Characteristics of a Close Corporation in South Africa?
A close corporation (CC) is a type of business entity that was available in South Africa before the implementation of the Companies Act, 2008. Although the creation of new close corporations has been discontinued since May 2011, existing CCs can continue to operate.
Here are the key characteristics of a close corporation in South Africa:
Limited Liability
Limited liability is one of the most significant features of a close corporation. Members of a CC are not personally liable for the debts and liabilities of the corporation beyond their capital contributions. This means that their personal assets are protected in the event of business failure.
Number of Members
A close corporation can have between 1 to 10 members. These members are essentially the owners of the CC. This limited number allows for a more manageable and intimate business structure, ideal for small to medium-sized enterprises.
Membership
Membership in a close corporation is limited to natural persons. This means that only individuals, not other companies or juristic entities, can be members of a CC. This ensures that the business remains small and closely held.
Legal Personality
A close corporation has a separate legal personality from its members. This means that the CC can own property, enter into contracts, sue, and be sued in its own name. This separation provides a clear distinction between the business entity and its owners.
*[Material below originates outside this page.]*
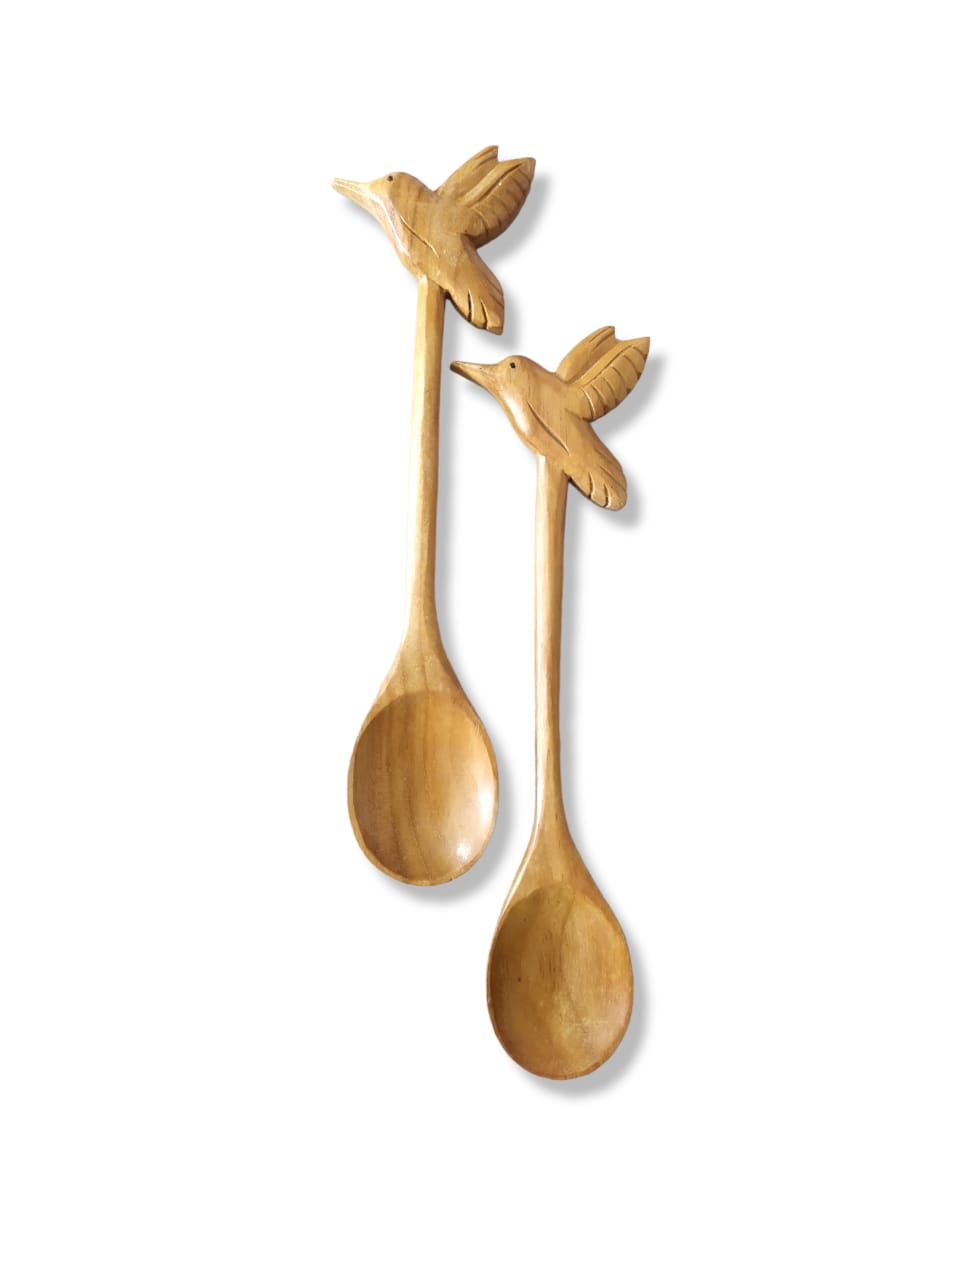 Wooden Spoon Bird Handle
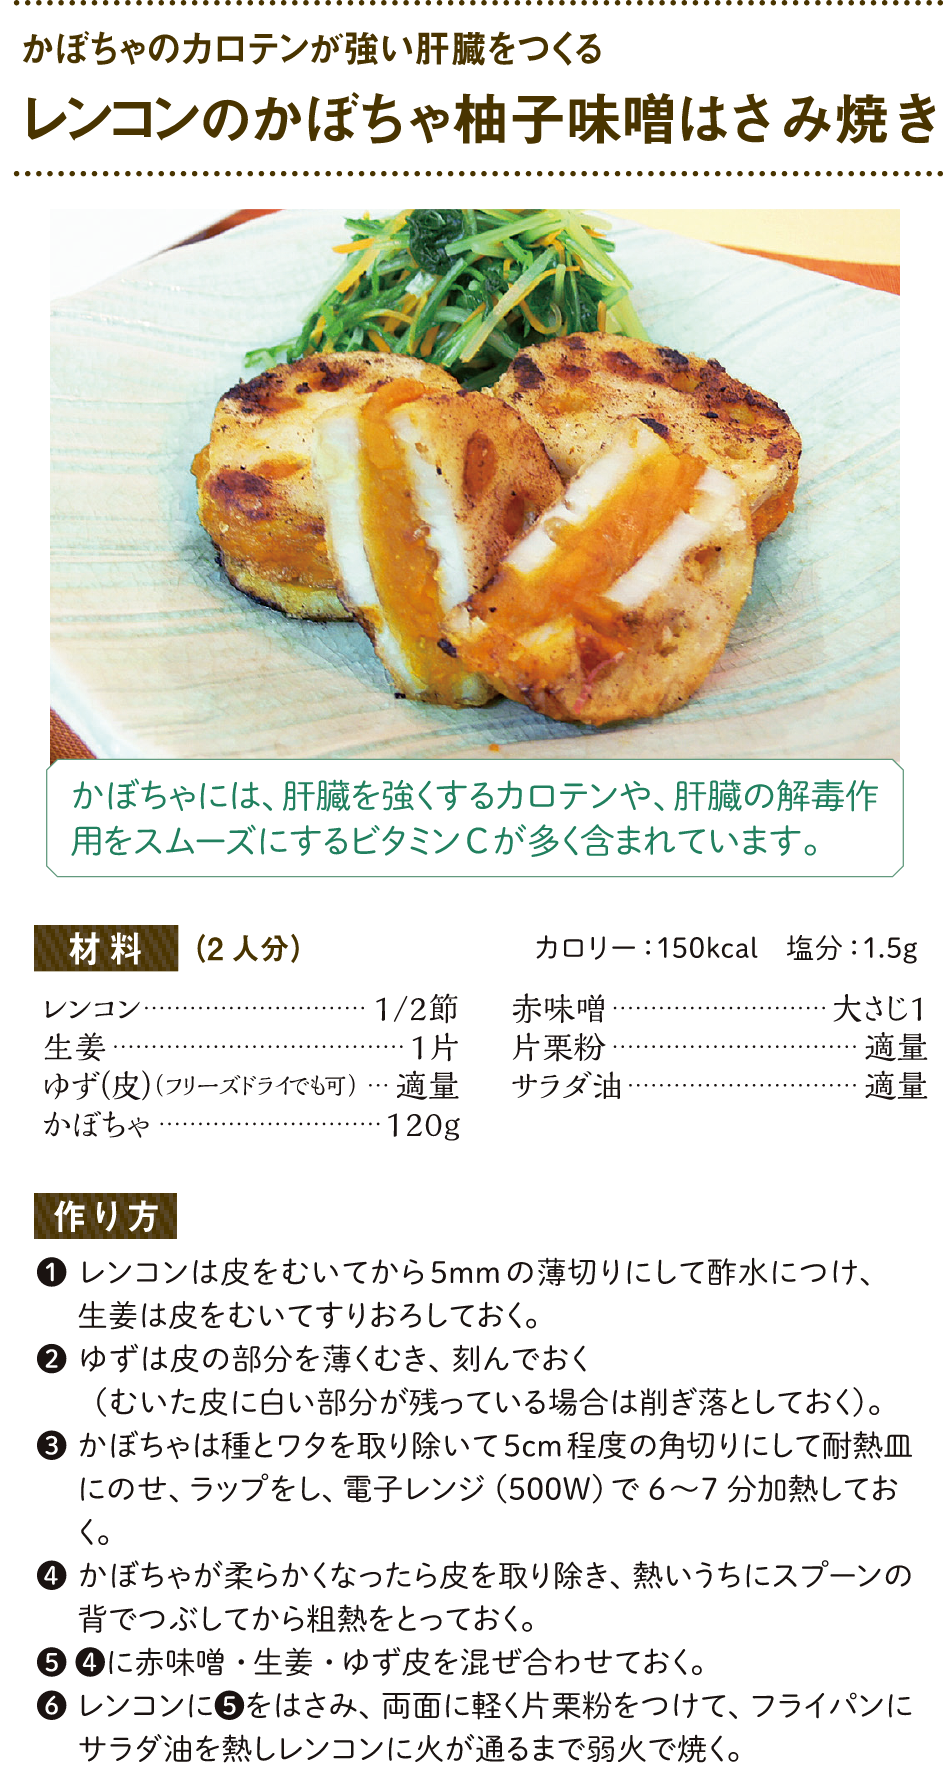 (肝臓病予防)レンコンのかぼちゃ柚子味噌はさみ焼き

Simplified Management Structure
Close corporations have a simplified management structure. There is no requirement for a board of directors or formal meetings like in companies. The members collectively manage the business, making decisions through mutual agreement.
Flexibility
The flexibility of a close corporation is one of its appealing characteristics. Members can easily make changes to the ownership structure, such as transferring membership interests. This can be done without the formalities required in a company structure.
Financial Statements and Audits
Unlike companies, close corporations are not required to have their financial statements audited, unless specified in the founding statement or if required by a professional or regulatory body. This reduces administrative costs and simplifies compliance.
Founding Statement
A close corporation is formed by filing a founding statement (CK1 form) with the Companies and Intellectual Property Commission (CIPC). This document outlines the basic details of the CC, such as the name, principal business activities, and details of the members.
Continuity and Transfer of Membership
The continuity of a close corporation is not affected by changes in membership. The CC continues to exist even if there are changes in the membership, ensuring stability and longevity of the business. Membership interests can be transferred with the agreement of existing members, providing flexibility in ownership.
Taxation
Close corporations are taxed as separate legal entities. They are subject to corporate tax rates on their profits. Members may also be subject to personal income tax on any distributions they receive from the CC.
Key Facts and Real Information
- Discontinued New Registrations: New close corporations cannot be registered after May 2011, but existing ones can continue to operate.
- Limited Liability: Protects members’ personal assets.
- Membership Limit: 1 to 10 natural persons.
- Simplified Compliance: No audit requirement unless specified.
- Separate Legal Entity: Can own property and enter into contracts independently.
Close corporations in South Africa offer a unique blend of limited liability, flexibility, and a simplified management structure. They are particularly well-suited for small to medium-sized enterprises. Despite the discontinuation of new CC registrations, existing close corporations remain an important part of the South African business landscape, providing an accessible and manageable business structure for many entrepreneurs.